= The Lincoln–Douglas Debates (1994 reenactments) =

US television program

The 1994 reenactments of the Lincoln–Douglas Debates took place between August 20 and October 15, 1994, and were facilitated and aired by C-SPAN. They featured historical reenactors presenting, in their entireties, the series of seven debates between Abraham Lincoln and Stephen A. Douglas that took place during the 1858 U.S. Senate campaign in Illinois. The debate reenactments were held in the same seven cities as were the 1858 debates, and were performed on dates very close to the anniversaries of the original debates. They were broadcast live on C-SPAN, and have been rebroadcast periodically ever since.

==Background==
The inspiration for the series came from the book The Lincoln–Douglas Debates: The First Complete, Unexpurgated Text, edited by Harold Holzer.
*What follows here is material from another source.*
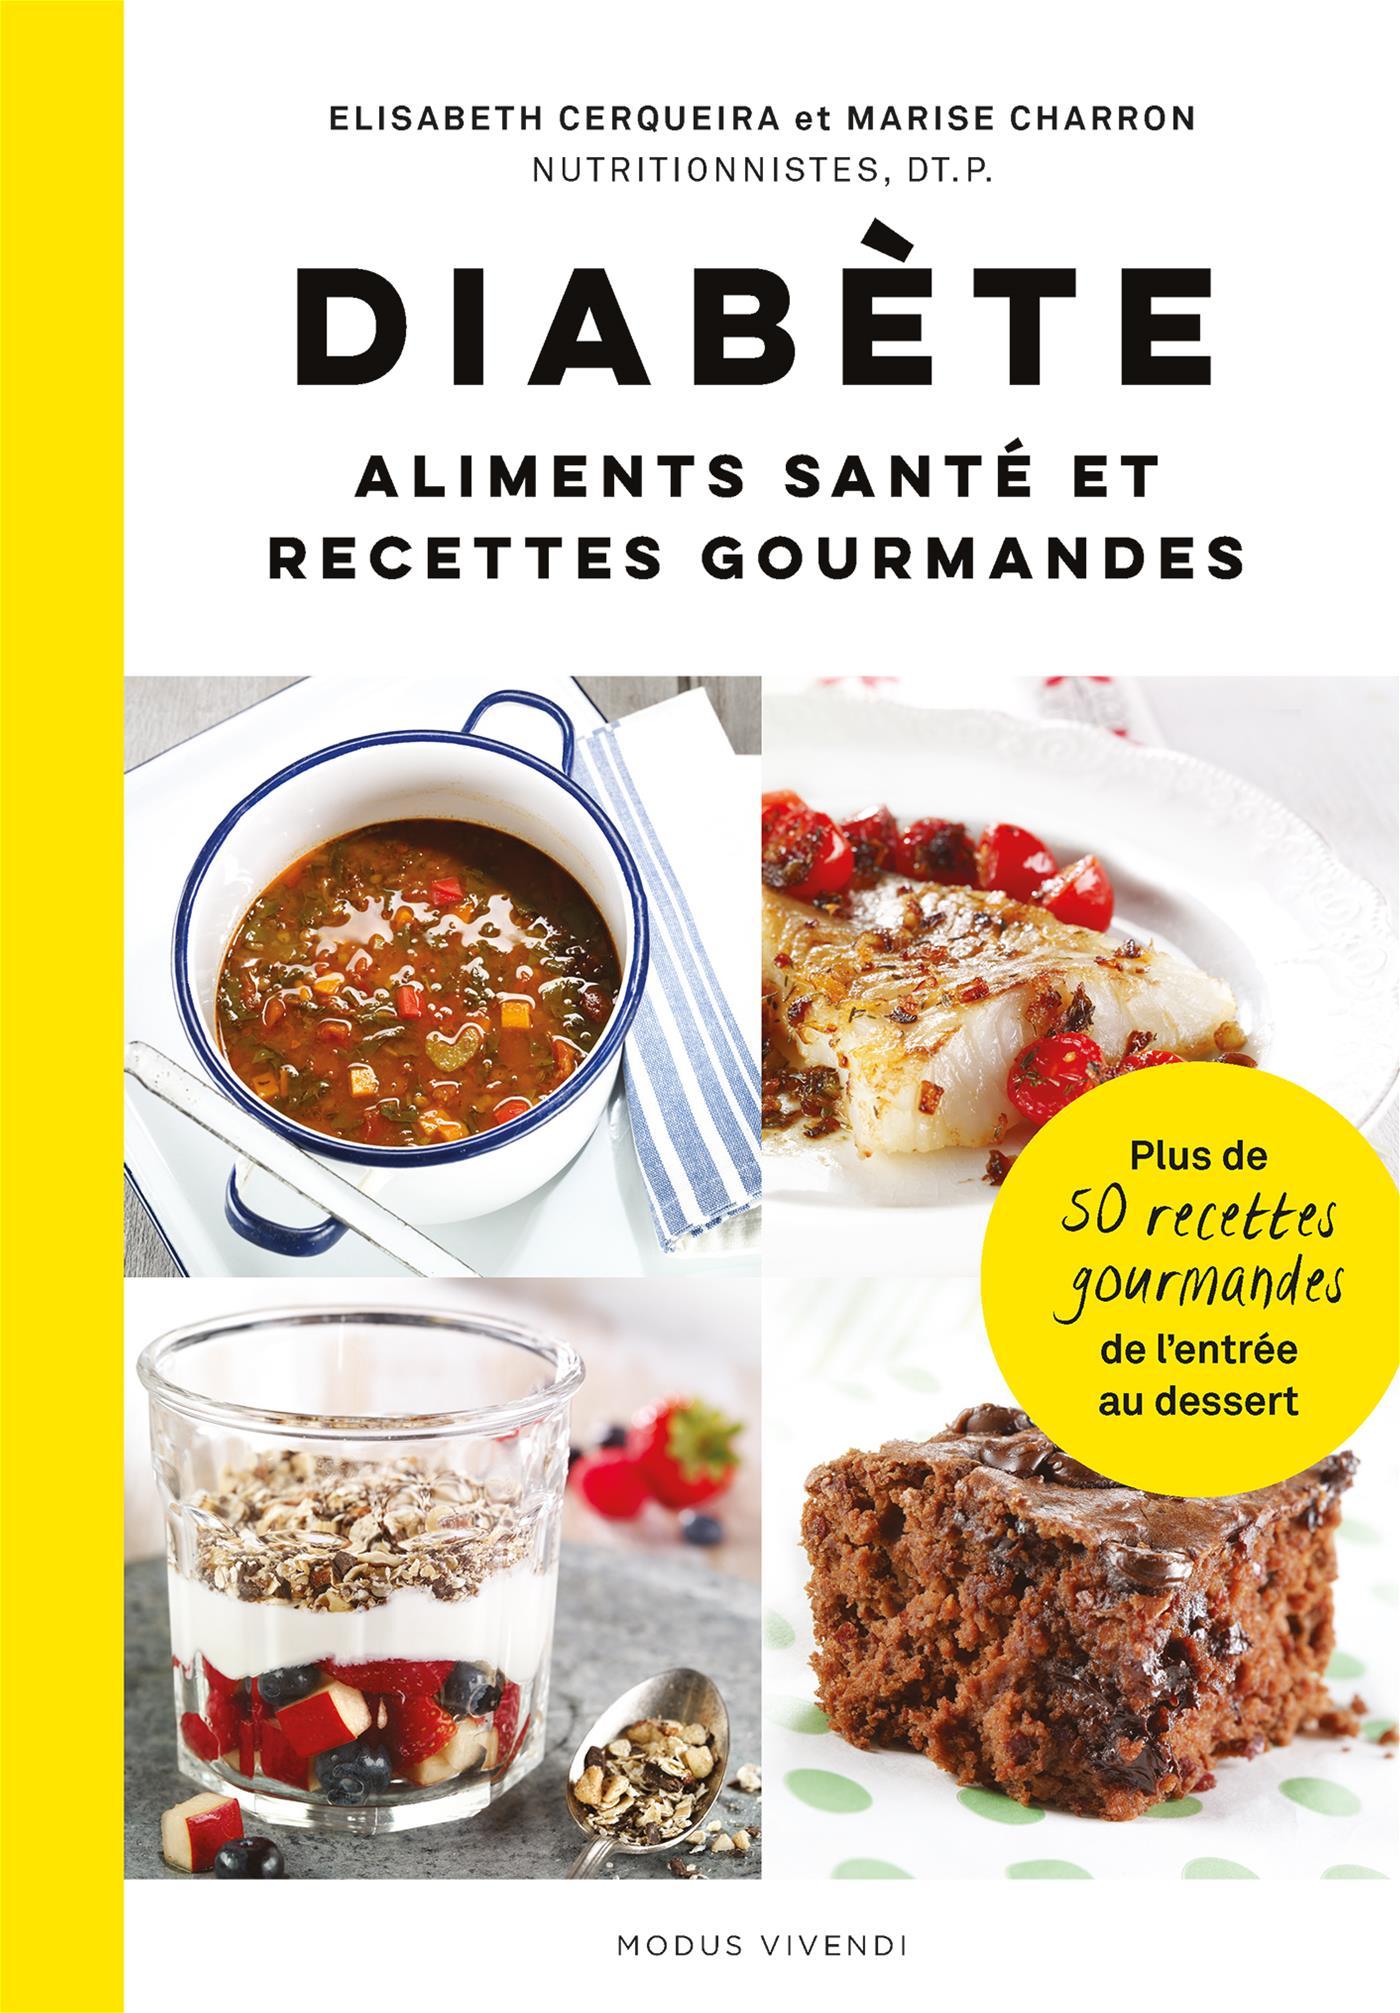 Cover image (Diabète: aliments santé et recettes gourmandes)

Holzer had been interviewed about that book the previous year on the C-SPAN series Booknotes.

In 1993, C-SPAN staff approached the mayors of the seven cities in Illinois where the 1858 debates had been held (Ottawa, Freeport, Jonesboro, Charleston, Galesburg, Quincy, and Alton) and arranged with each city to recreate the debates using their own local resources. Subsequently, C-SPAN spent over $300,000 on the promotion and coverage of the debates and on the creation of related educational materials.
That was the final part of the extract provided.